Task goal> Working from the records below, return word for word the line that contains "Baño-IMG_9195_6_7 copia" and each line after it, ending with the last. Skip all pictures.

[Given data Boundary: Start]

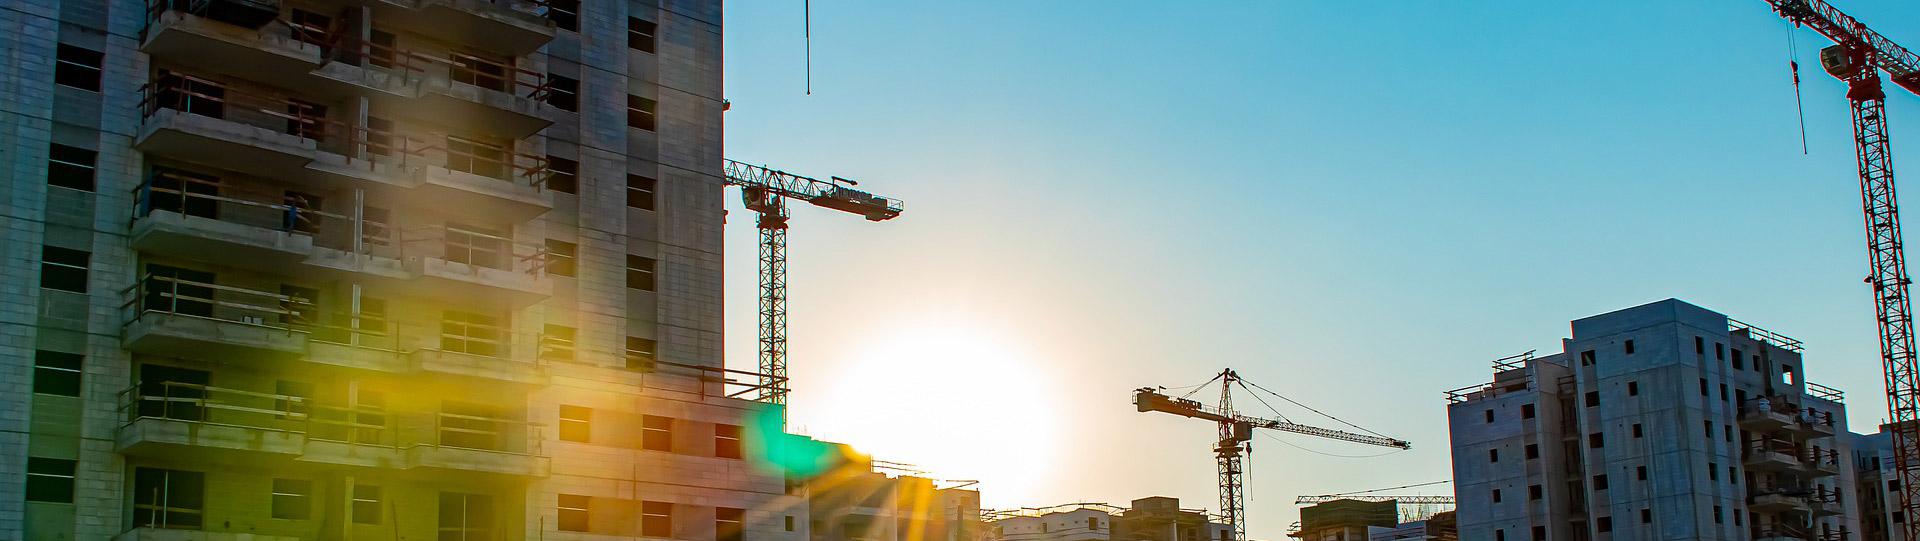 Photo d'immeubles en construction
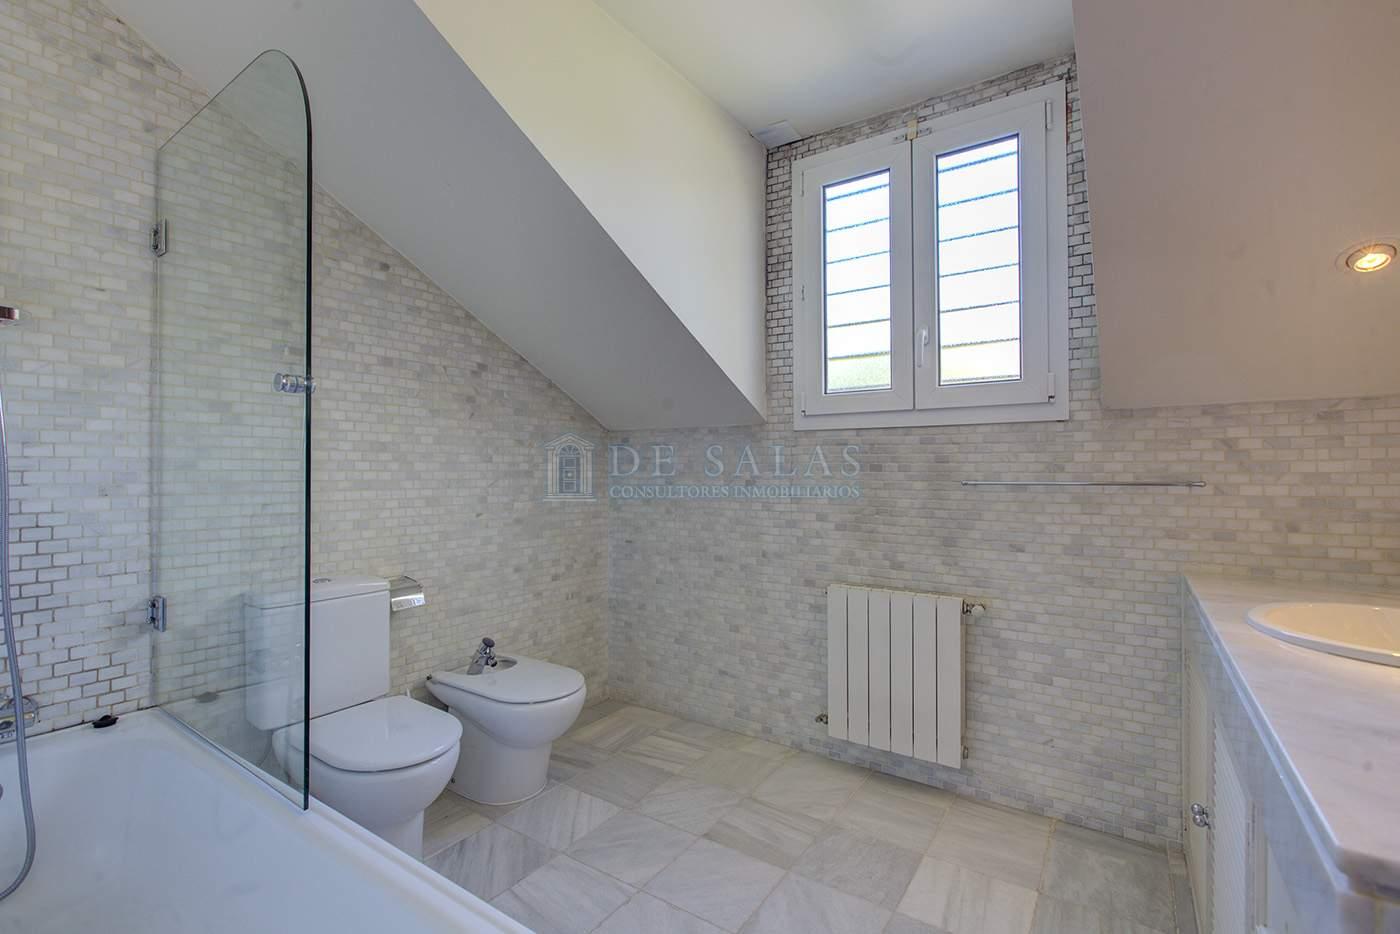 Baño-IMG_9195_6_7 copia
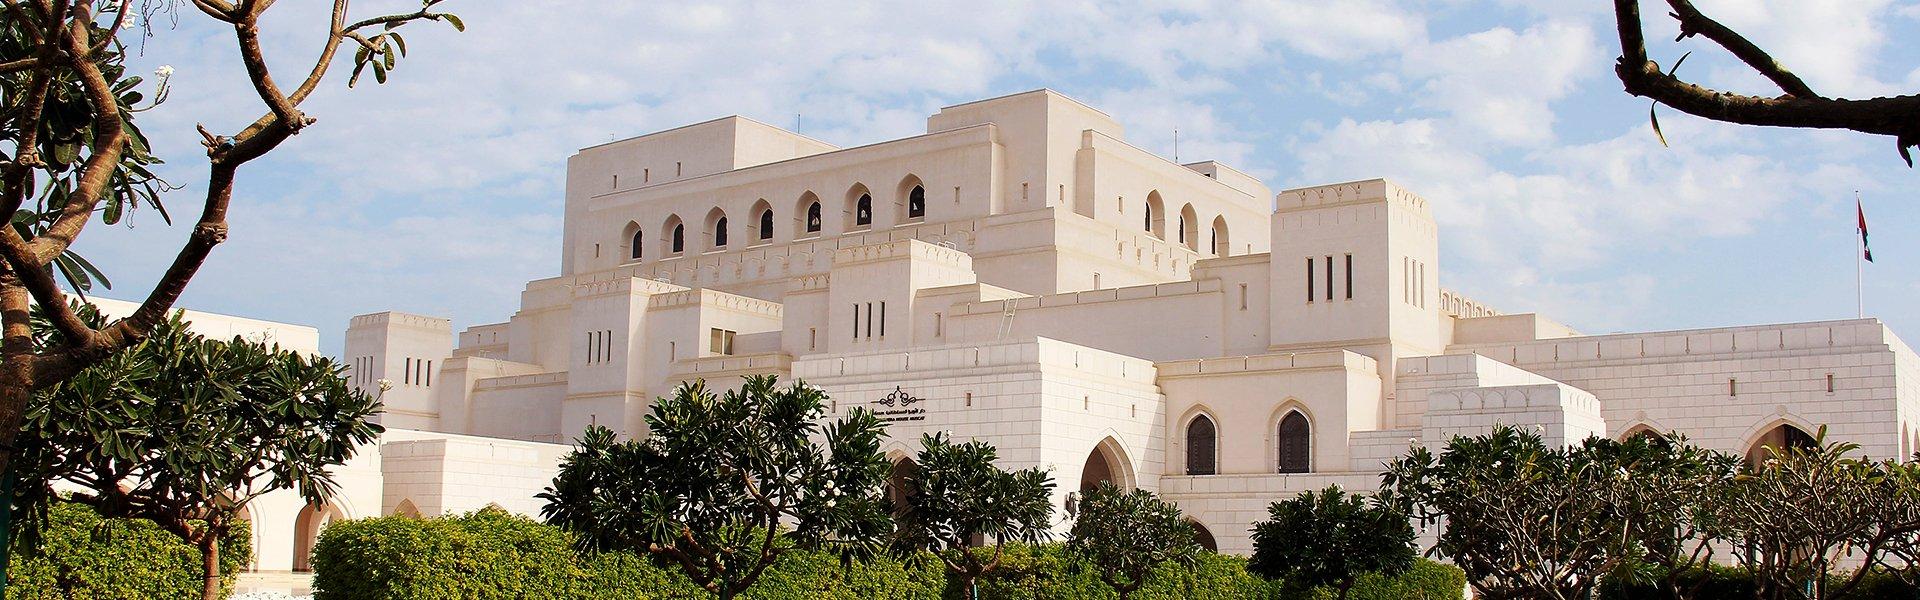 Opera in Muscat, Oman
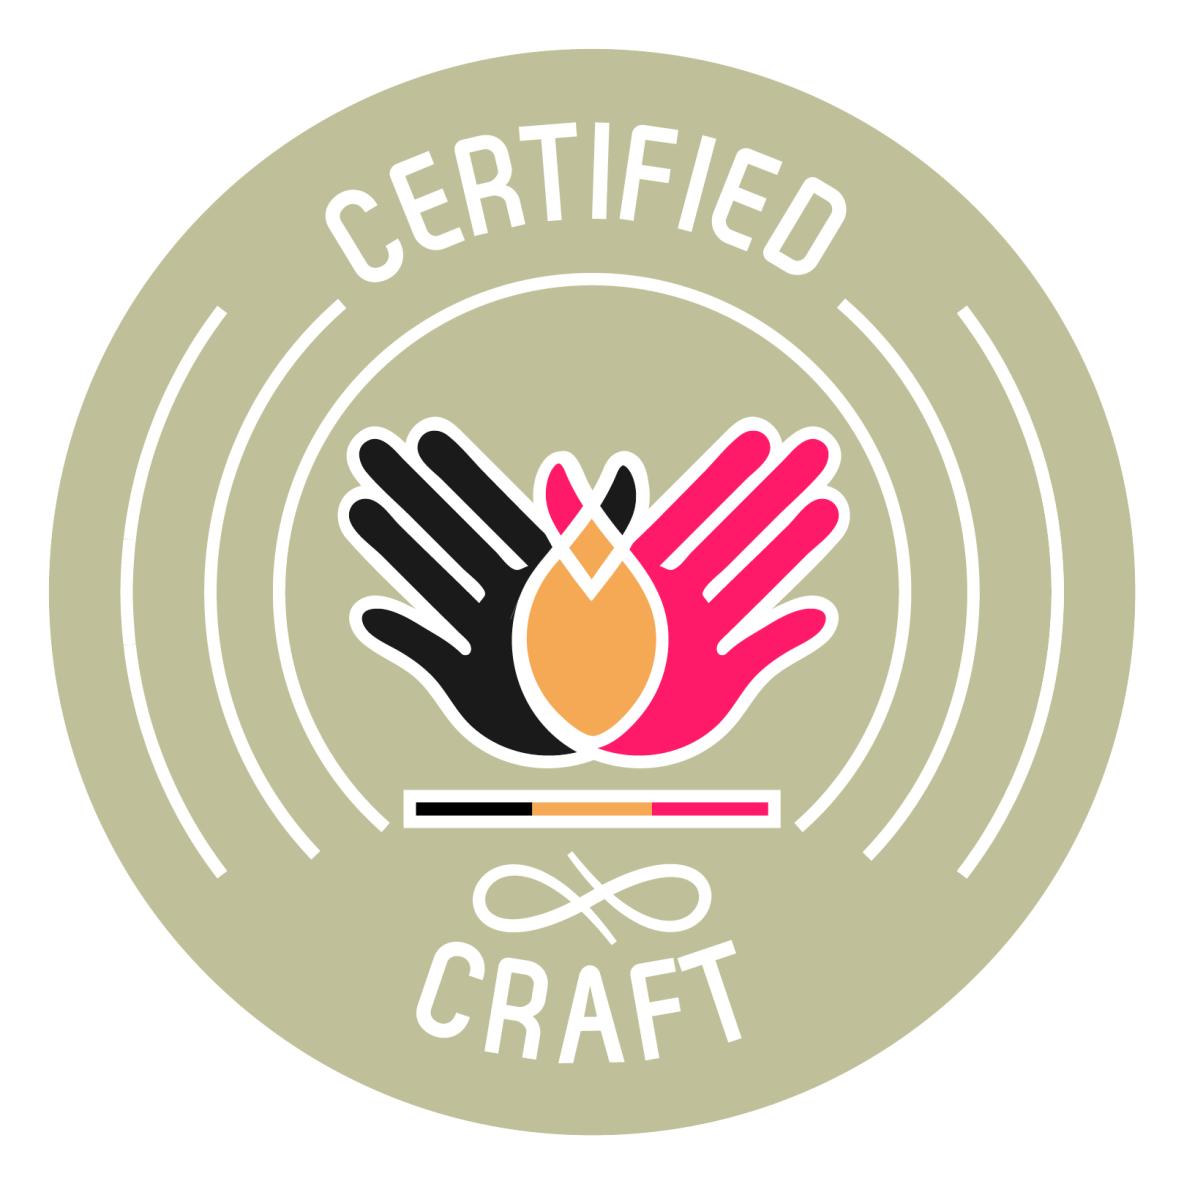 Artisanat Certifié - Achielle website
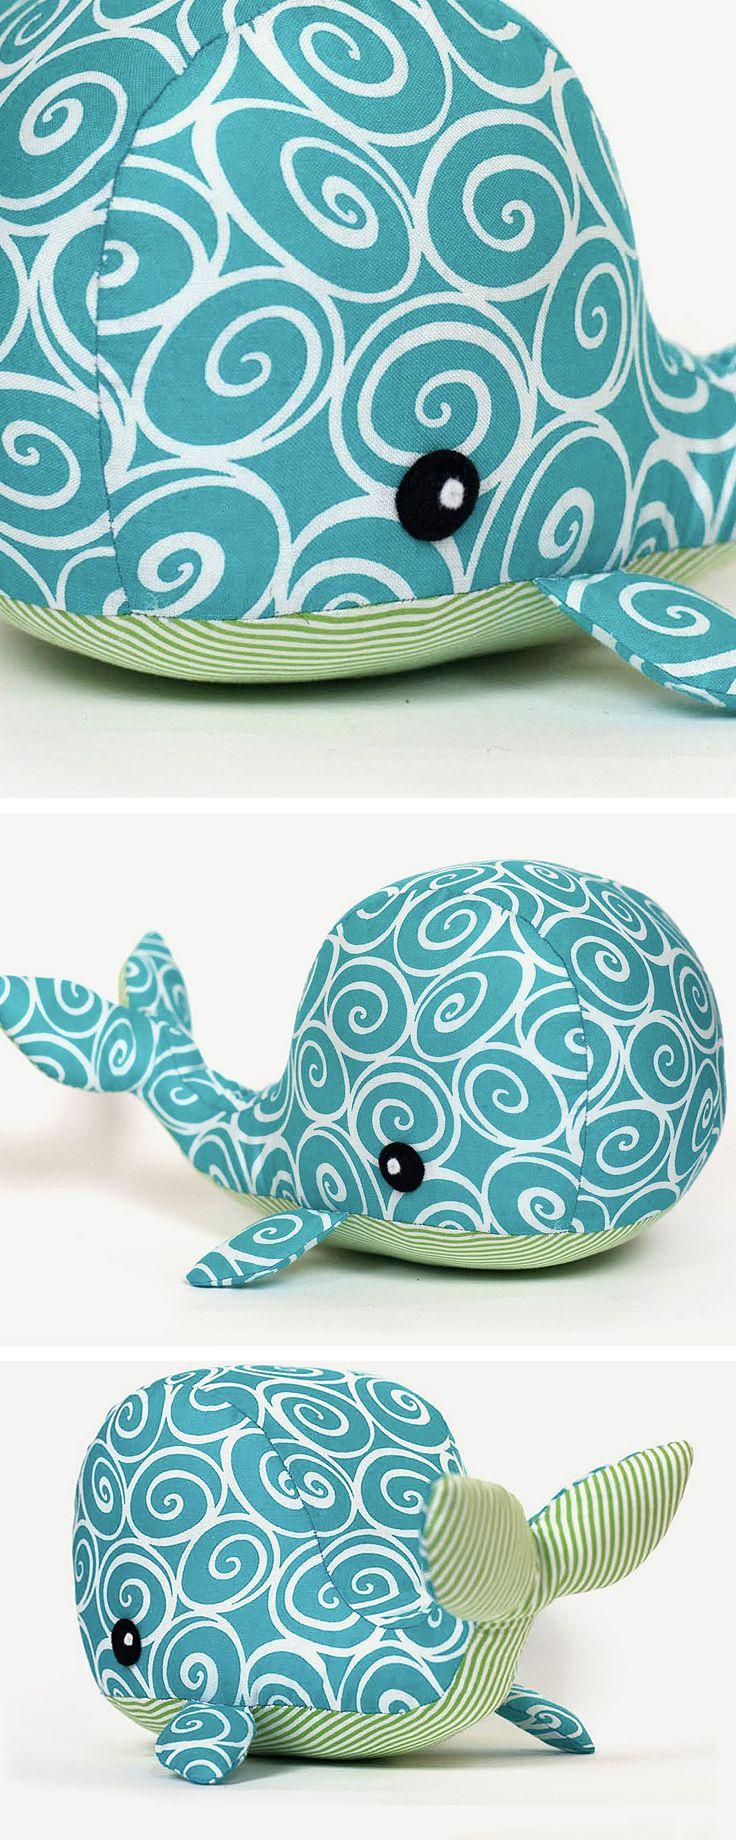 DIY tutorial: Sew a Whale Soft Toy  via en.DaWanda.com                                                                                                                                                                                 More

[Given data Boundary: End]

Exercise answer>
 Baño-IMG_9195_6_7 copia
 Opera in Muscat, Oman
 Artisanat Certifié - Achielle website
 DIY tutorial: Sew a Whale Soft Toy  via en.DaWanda.com                                                                                                                                                                                 More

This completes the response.